Below is the simple example of how Pair Similarity can be approached here (including building bigrams sets and calculation of coefficient:
SELECT
a.word AS word1, b.word AS word2,
2 * SUM(a.bigram = b.bigram) /
(EXACT_COUNT_DISTINCT(a.bigram) + EXACT_COUNT_DISTINCT(b.bigram) ) AS c
FROM (
SELECT word, char + next_char AS bigram
FROM (
SELECT word, char, LEAD(char, 1) OVER(PARTITION BY word ORDER BY pos) AS next_char
FROM (
SELECT word, SPLIT(word, '') AS char, ROW_NUMBER() OVER(PARTITION BY word) AS pos
FROM
(SELECT 'gana' AS word)
)
)
WHERE next_char IS NOT NULL
GROUP BY 1, 2
) a
CROSS JOIN (
SELECT word, char + next_char AS bigram
FROM (
SELECT word, char, LEAD(char, 1) OVER(PARTITION BY word ORDER BY pos) AS next_char
FROM (
SELECT word, SPLIT(word, '') AS char, ROW_NUMBER() OVER(PARTITION BY word) AS pos
FROM
(SELECT 'gano' AS word)
)
)
WHERE next_char IS NOT NULL
GROUP BY 1, 2
) b
GROUP BY 1, 2
回答2:
You can have JavaScript code inside for BigQuery SQL queries.

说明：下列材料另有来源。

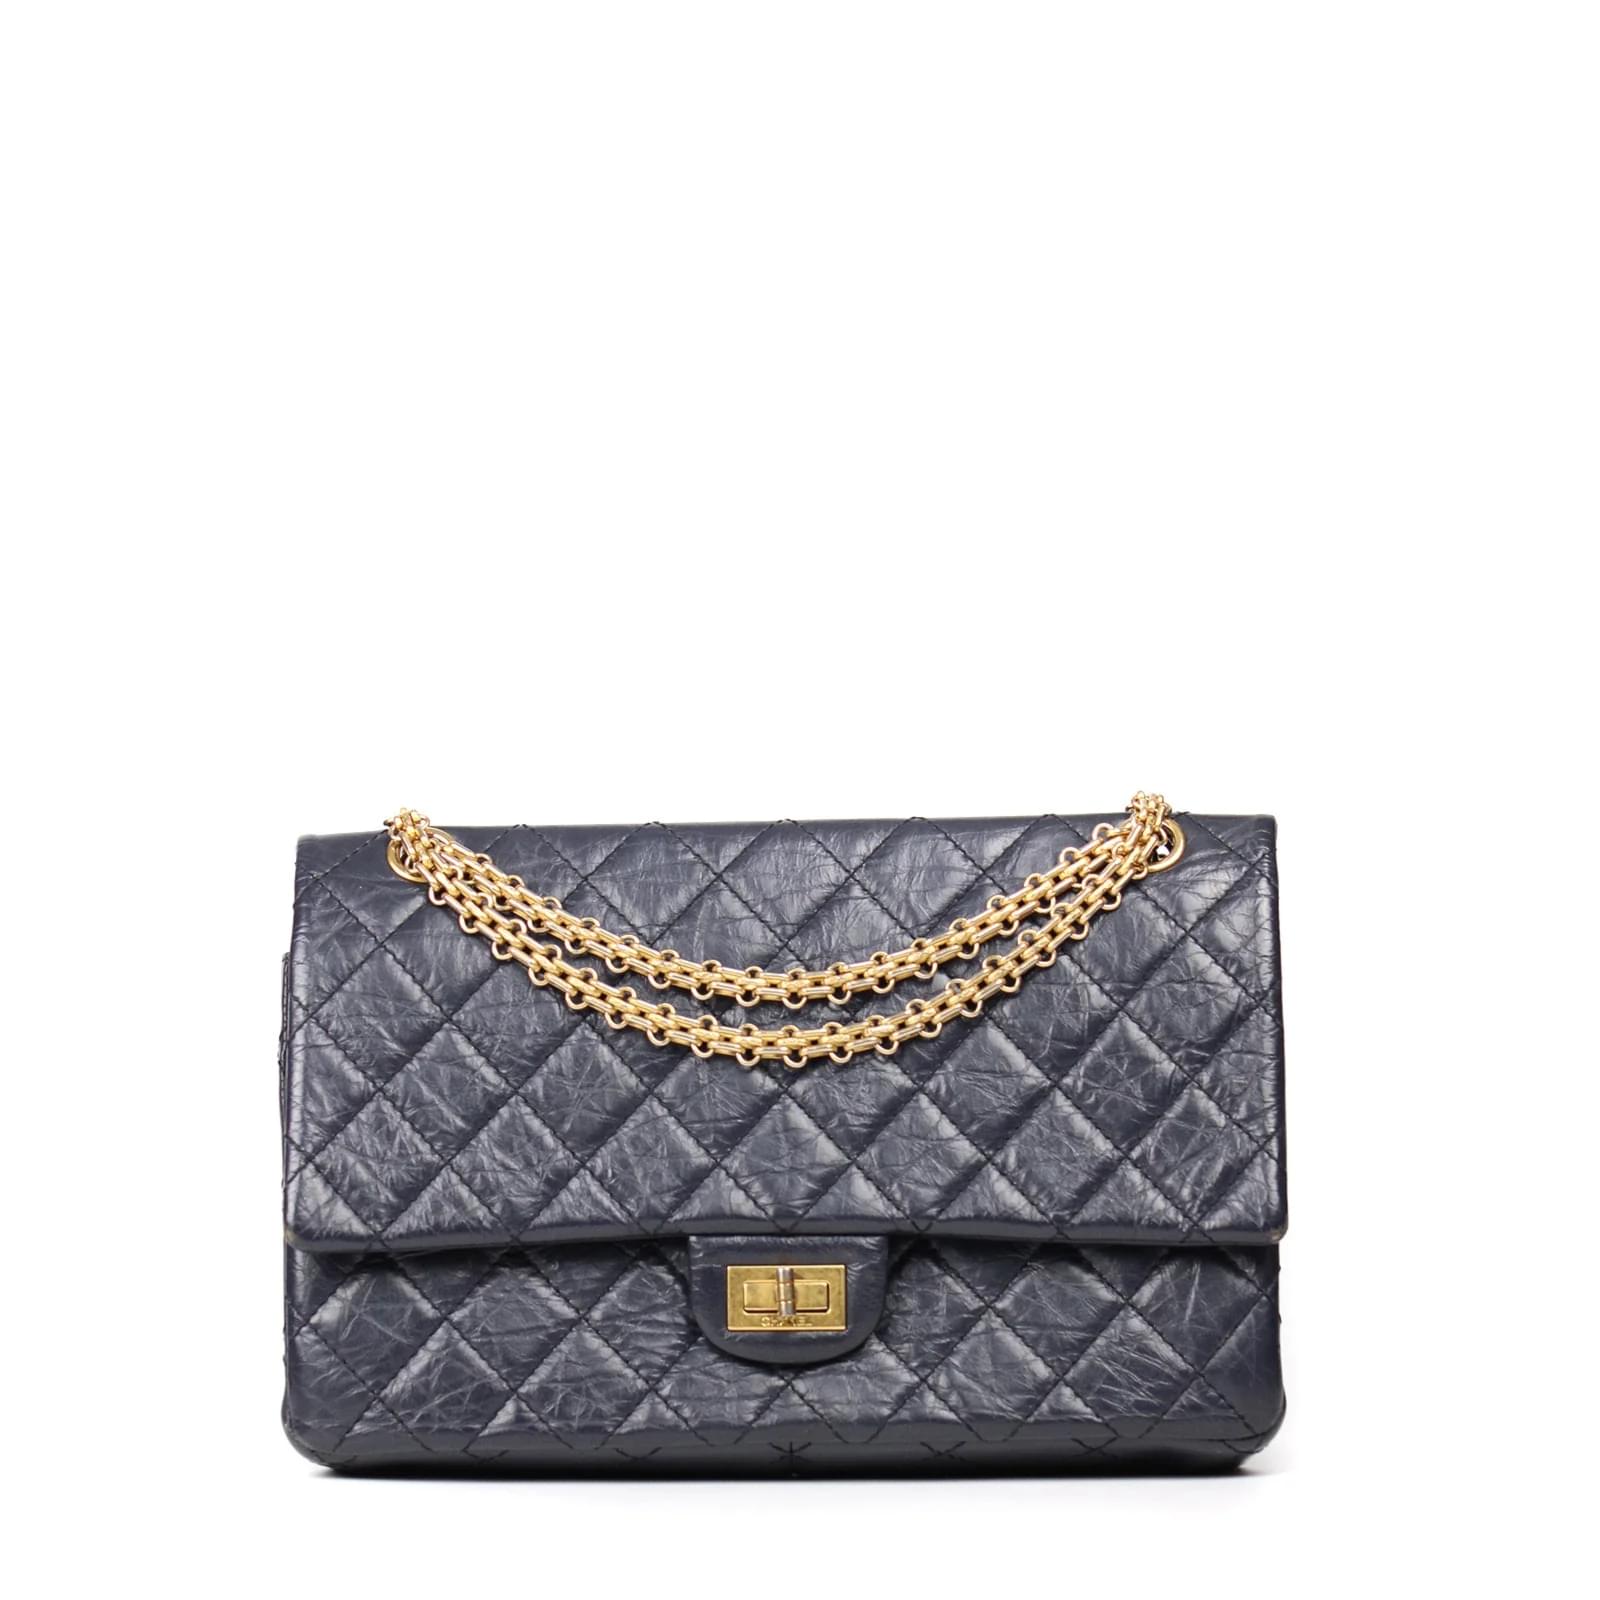 Sold at Auction: A rare Chanel XXL 2.55 bag, Spring-Summer 2010

To measure similarity you could use Levenshtein's distance with a query like this (from https://stackoverflow.com/a/33443564/132438):
SELECT *
FROM js(
(
SELECT title,target FROM
(SELECT 'hola' title, 'hello' target), (SELECT 'this is beautiful' title, 'that is fantastic' target)
),
title, target,
// Output schema.
"[{name: 'title', type:'string'},
{name: 'target', type:'string'},
{name: 'distance', type:'integer'}]",
// The function
"function(r, emit) {
var _extend = function(dst) {
var sources = Array.prototype.slice.call(arguments, 1);
for (var i=0; i<sources.length; ++i) {
var src = sources[i];
for (var p in src) {
if (src.hasOwnProperty(p)) dst[p] = src[p];
}
}
return dst;
};
var Levenshtein = {
/**
* Calculate levenshtein distance of the two strings.
*
* @param str1 String the first string.
* @param str2 String the second string.
* @return Integer the levenshtein distance (0 and above).
*/
get: function(str1, str2) {
// base cases
if (str1 === str2) return 0;
if (str1.length === 0) return str2.length;
if (str2.length === 0) return str1.length;
// two rows
var prevRow = new Array(str2.length + 1),
curCol, nextCol, i, j, tmp;
// initialise previous row
for (i=0; i<prevRow.length; ++i) {
prevRow[i] = i;
}
// calculate current row distance from previous row
for (i=0; i<str1.length; ++i) {
nextCol = i + 1;
for (j=0; j<str2.length; ++j) {
curCol = nextCol;
// substution
nextCol = prevRow[j] + ( (str1.charAt(i) === str2.charAt(j)) ? 0 : 1 );
// insertion
tmp = curCol + 1;
if (nextCol > tmp) {
nextCol = tmp;
}
// deletion
tmp = prevRow[j + 1] + 1;
if (nextCol > tmp) {
nextCol = tmp;
}
// copy current col value into previous (in preparation for next iteration)
prevRow[j] = curCol;
}
// copy last col value into previous (in preparation for next iteration)
prevRow[j] = nextCol;
}
return nextCol;
}
};
var the_title;
try {
the_title = decodeURI(r.title).toLowerCase();
} catch (ex) {
the_title = r.title.toLowerCase();
}
emit({title: the_title, target: r.target,
distance: Levenshtein.get(the_title, r.target)});
}")
回答3:
Below is tailored for similarity
Was used in How to perform trigram operations in Google BigQuery? and based on https://storage.googleapis.com/thomaspark-sandbox/udf-examples/pataky.js by @thomaspark
SELECT text1, text2, similarity FROM
JS(
// input table
(
SELECT * FROM
(SELECT 'mikhail' AS text1, 'mikhail' AS text2),
(SELECT 'mikhail' AS text1, 'mike' AS text2),
(SELECT 'mikhail' AS text1, 'michael' AS text2),
(SELECT 'mikhail' AS text1, 'javier' AS text2),
(SELECT 'mikhail' AS text1, 'thomas' AS text2)
) ,
// input columns
text1, text2,
// output schema
"[{name: 'text1', type:'string'},
{name: 'text2', type:'string'},
{name: 'similarity', type:'float'}]
",
// function
"function(r, emit) {
var _extend = function(dst) {
var sources = Array.prototype.slice.call(arguments, 1);
for (var i=0; i<sources.length; ++i) {
var src = sources[i];
for (var p in src) {
if (src.hasOwnProperty(p)) dst[p] = src[p];
}
}
return dst;
};
var Levenshtein = {
/**
* Calculate levenshtein distance of the two strings.
*
* @param str1 String the first string.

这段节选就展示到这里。